• GOAL OF THE EXERCISE
An exact repetition of the data is required; no picture should appear in it.

• AVAILABLE DATA

=== Section Start ===

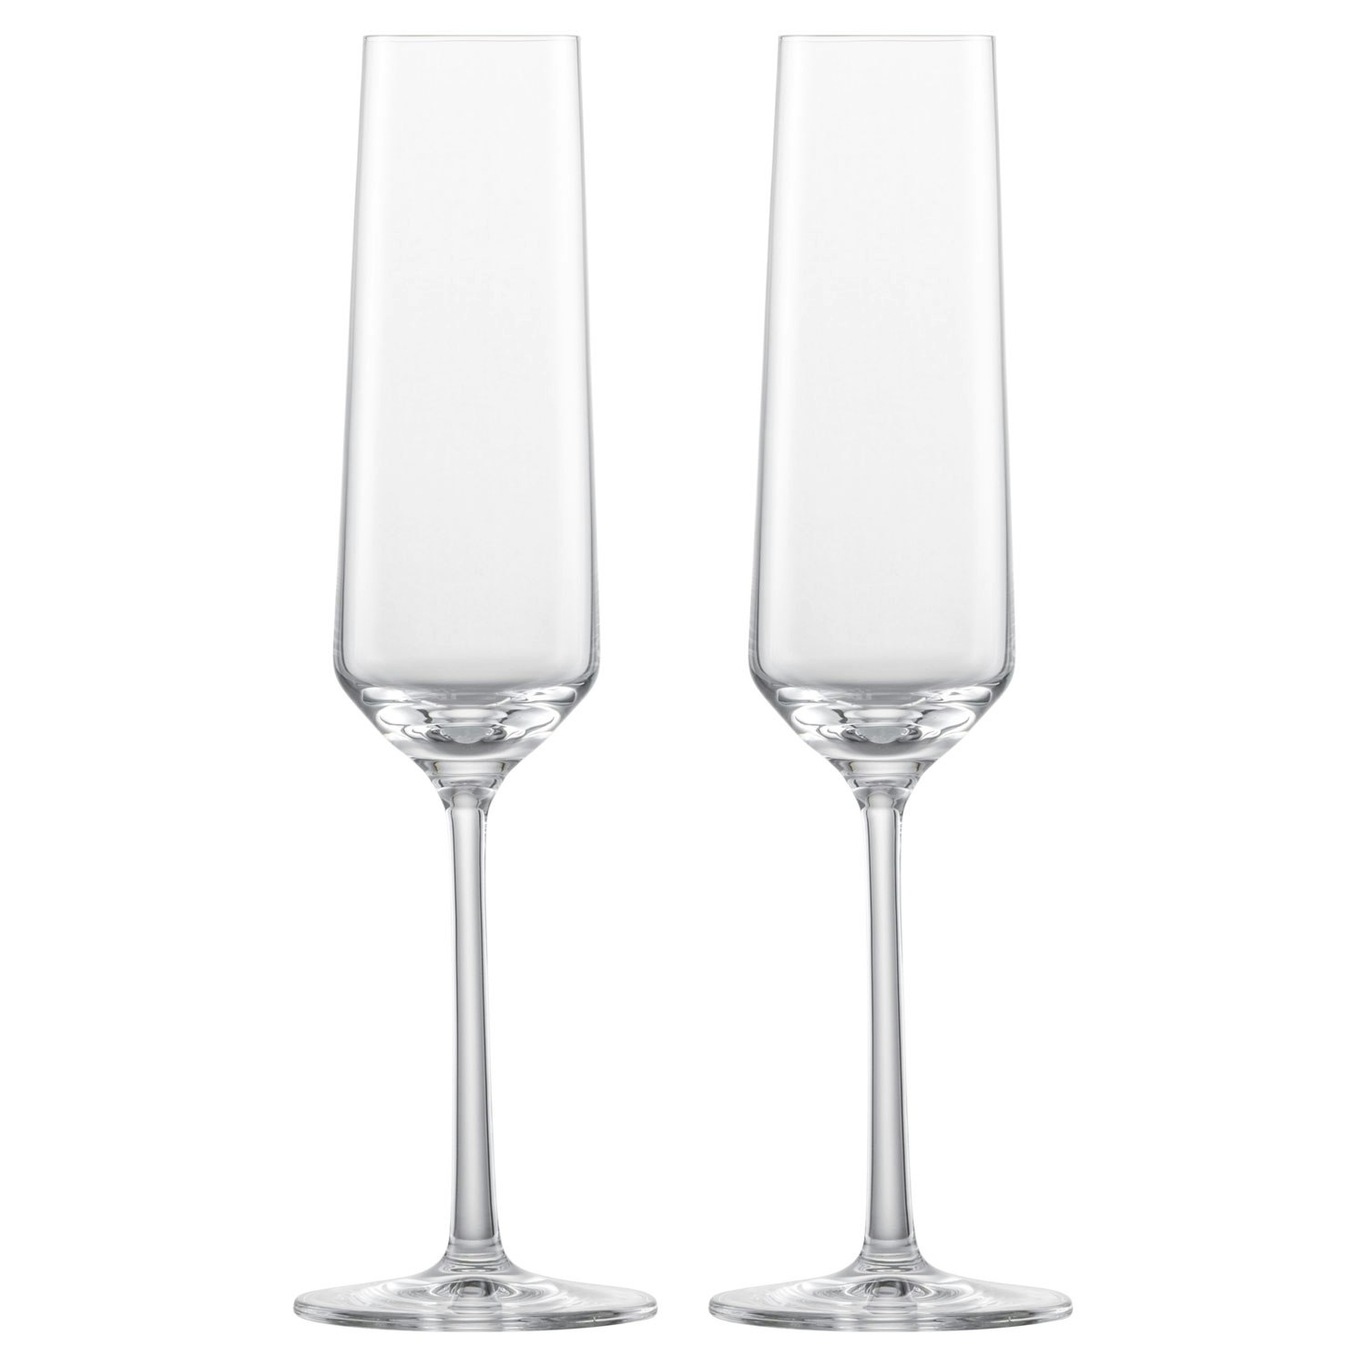 https://royaldesign.com/image/2/zwiesel-pure-champagne-glass-21-cl-2-pack-0?w=800&quality=80
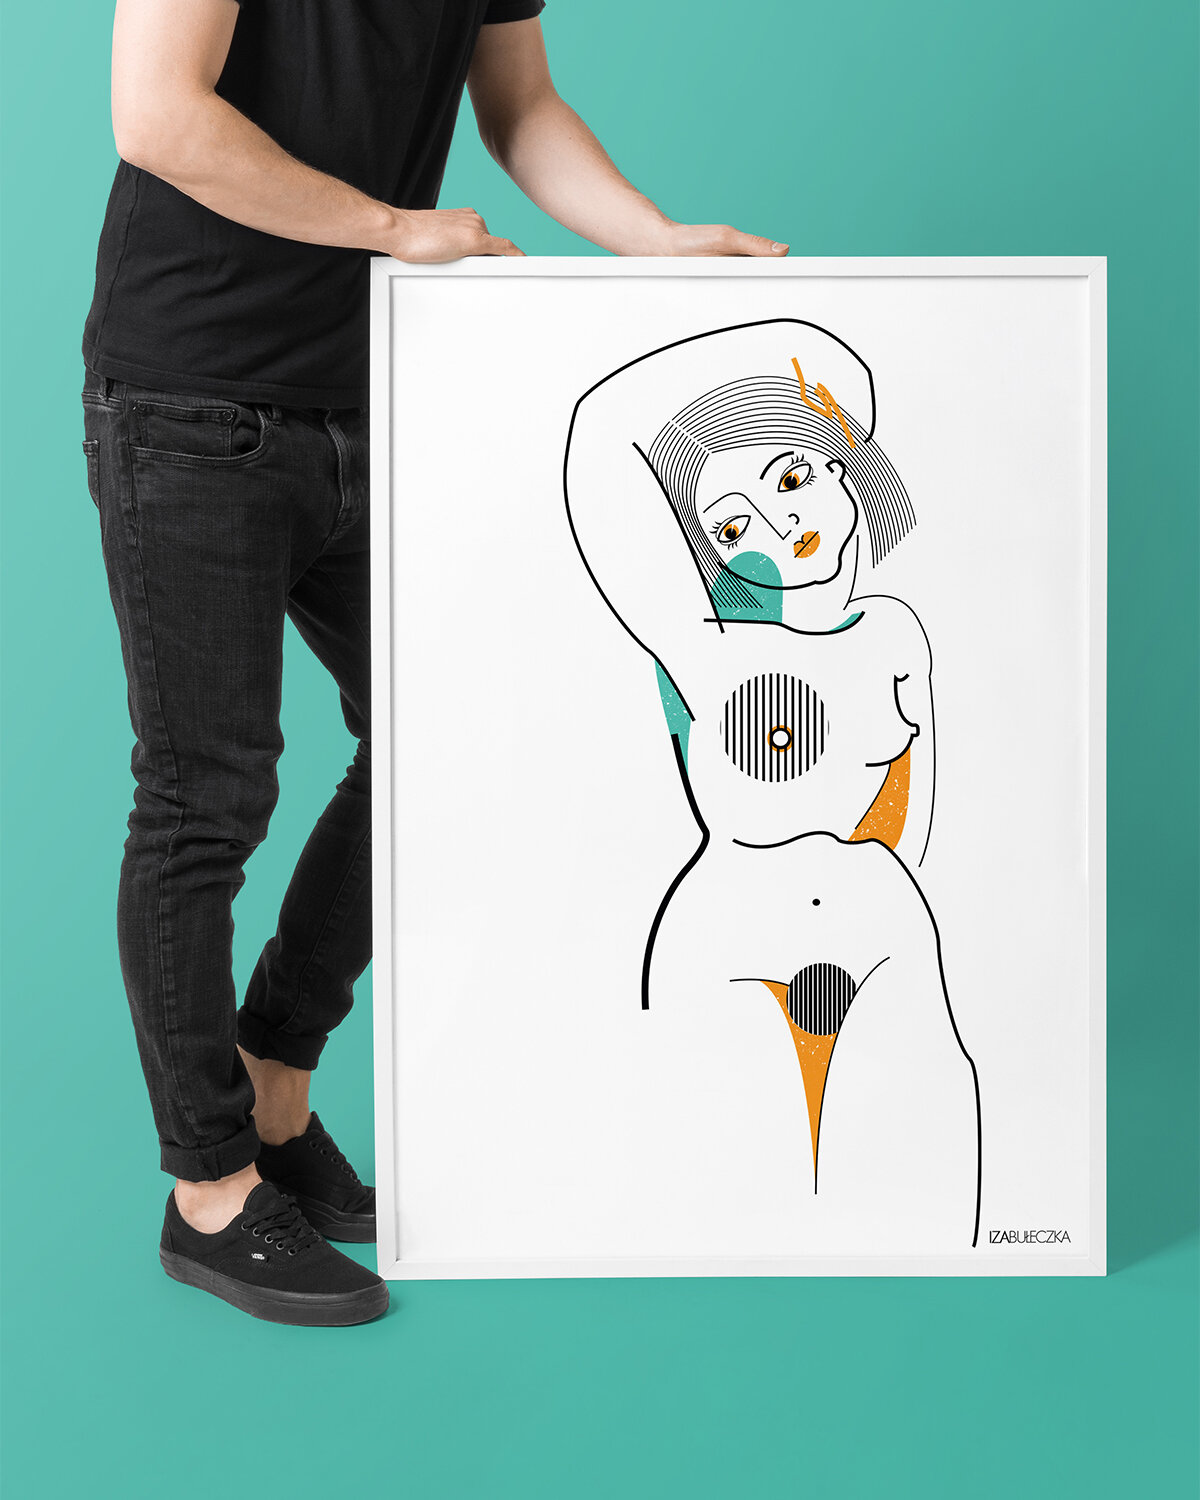 Greek Muse" abstract nude woman illustration
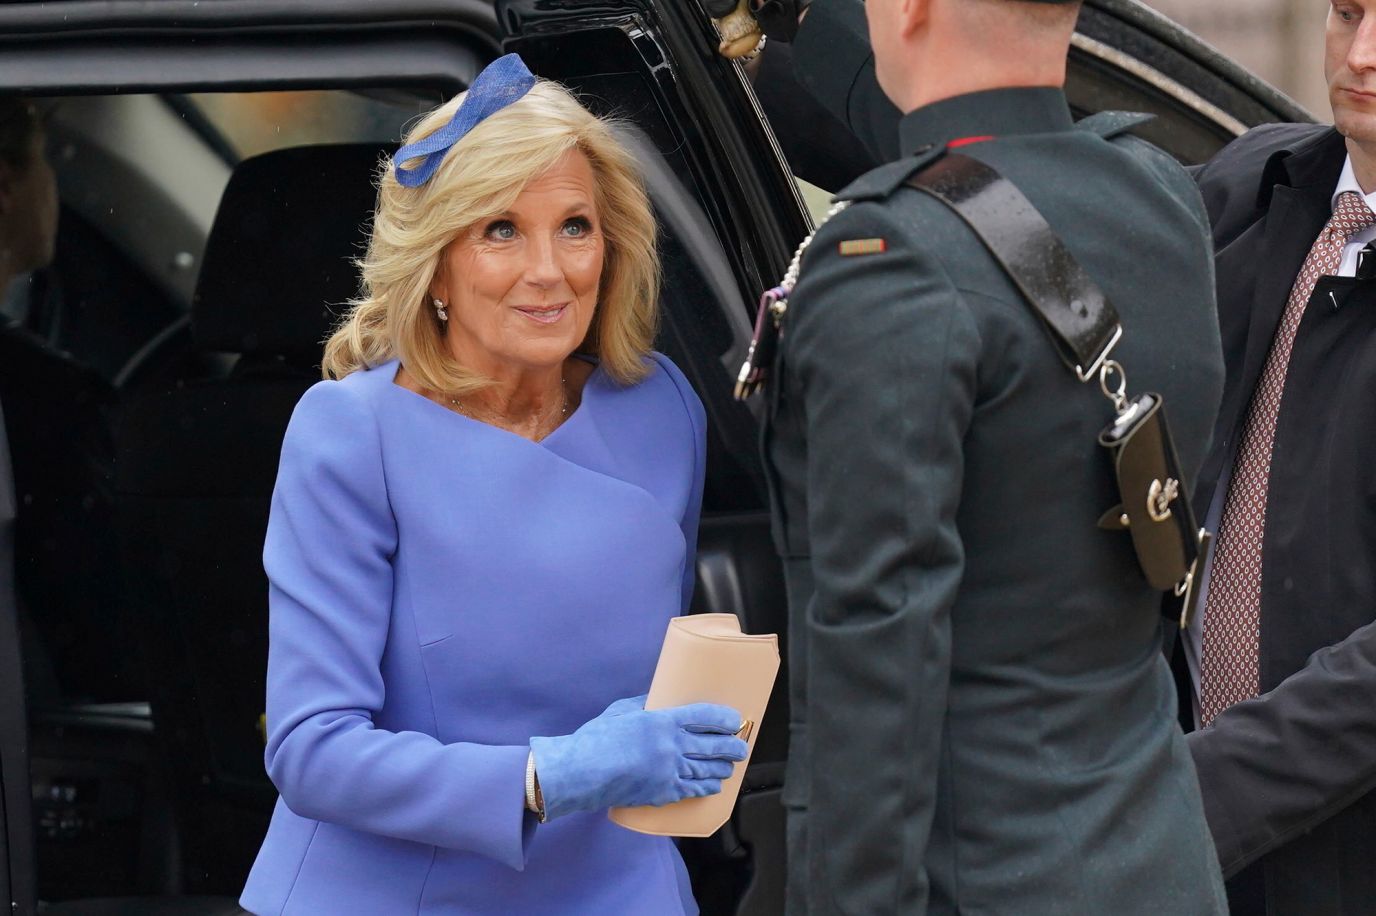 Jill Biden, first lady of the United States, arrives at Westminster Abbey. Biden, <a href='https://www.cnn.com/uk/live-news/king-charles-iii-coronation-ckc-intl-gbr/h_054e67e7c5ebf898814c9b3c1126fb9f' target='_blank'>who is leading the US delegation</a>, traveled with her granddaughter Finnegan Biden.
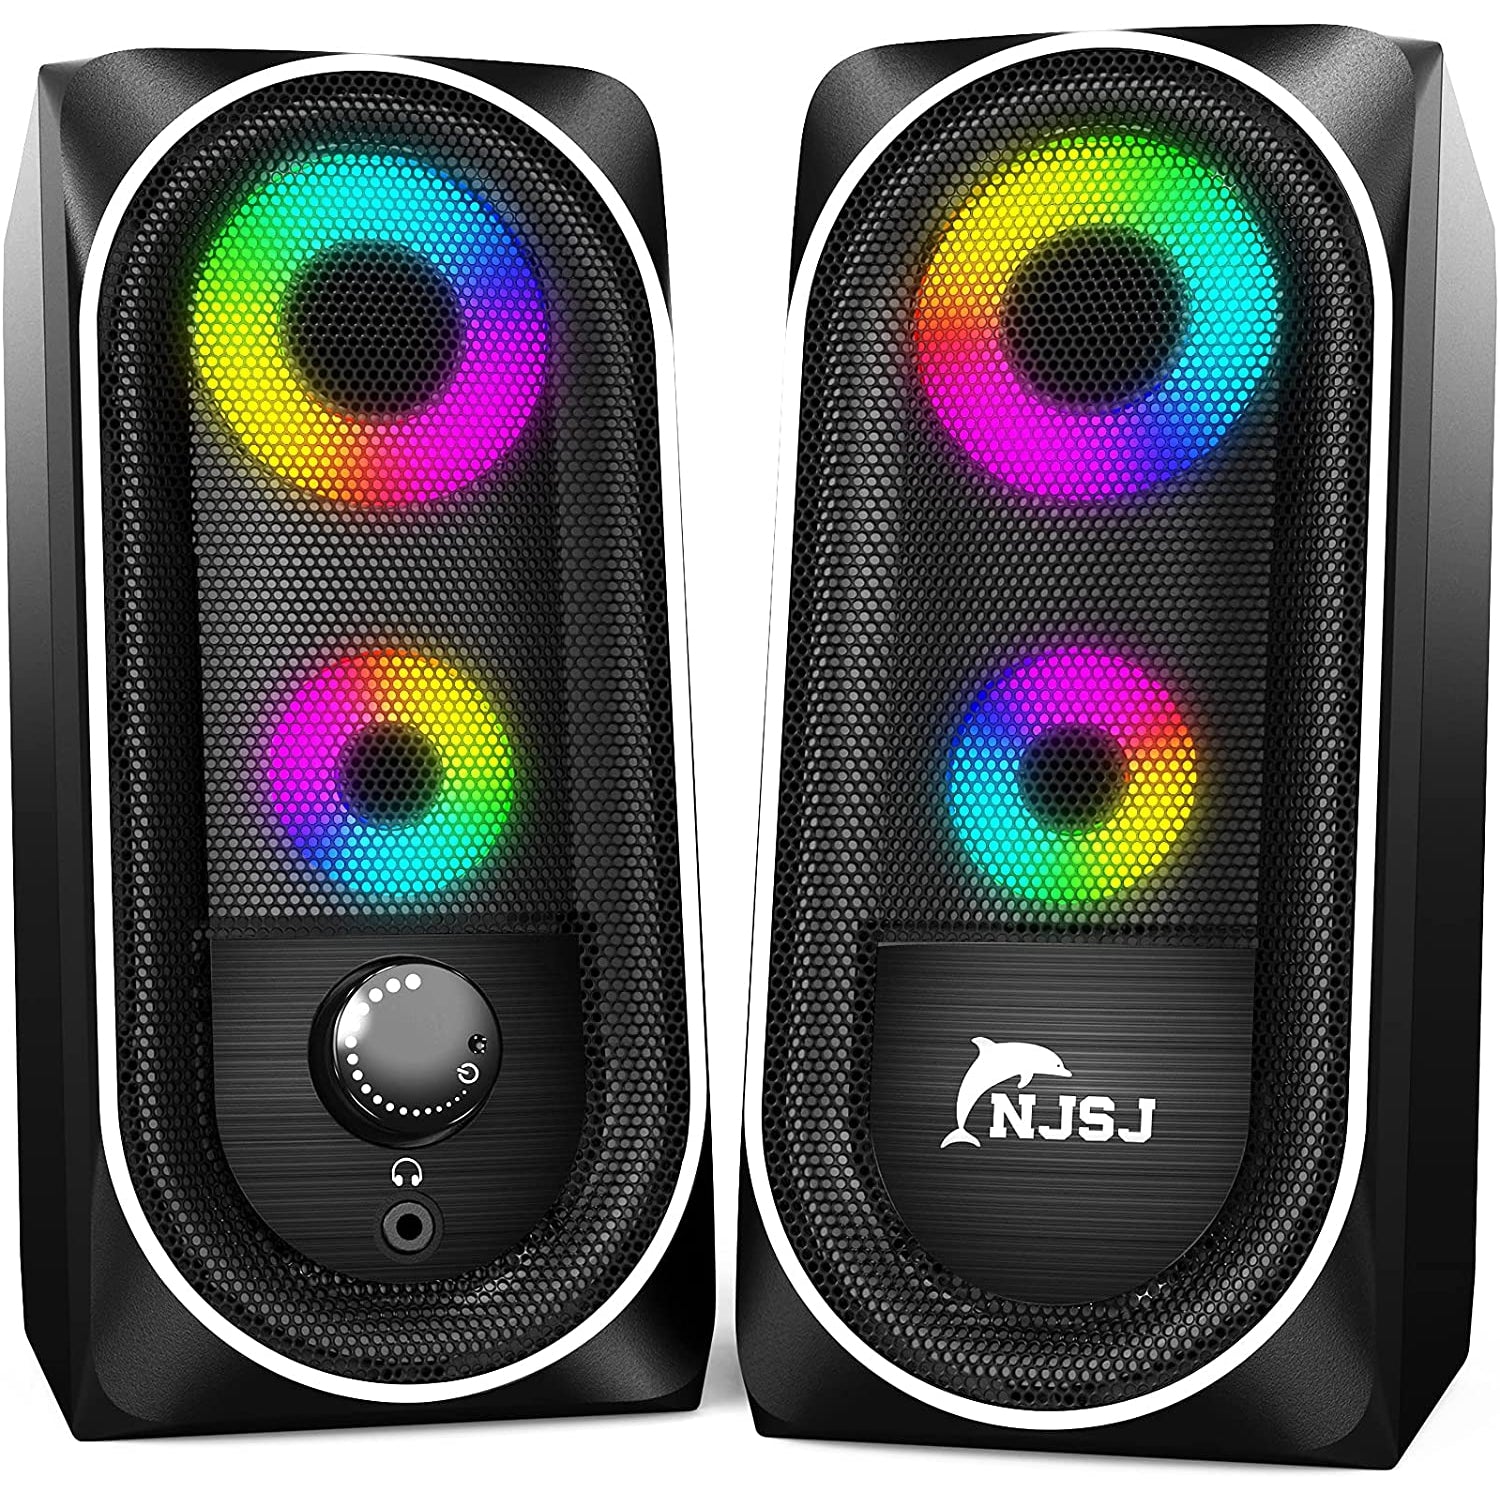 NJSJ Wired RGB Gaming Speakers for Desktop,10W USB Powered Stereo Sound, Connect via AUX 3.5mm Plug to Computer, Laptop, Monitor, TV

=== Section End ===

• FINAL ANSWER
 https://royaldesign.com/image/2/zwiesel-pure-champagne-glass-21-cl-2-pack-0?w=800&quality=80
 Greek Muse" abstract nude woman illustration
 Jill Biden, first lady of the United States, arrives at Westminster Abbey. Biden, <a href='https://www.cnn.com/uk/live-news/king-charles-iii-coronation-ckc-intl-gbr/h_054e67e7c5ebf898814c9b3c1126fb9f' target='_blank'>who is leading the US delegation</a>, traveled with her granddaughter Finnegan Biden.
 NJSJ Wired RGB Gaming Speakers for Desktop,10W USB Powered Stereo Sound, Connect via AUX 3.5mm Plug to Computer, Laptop, Monitor, TV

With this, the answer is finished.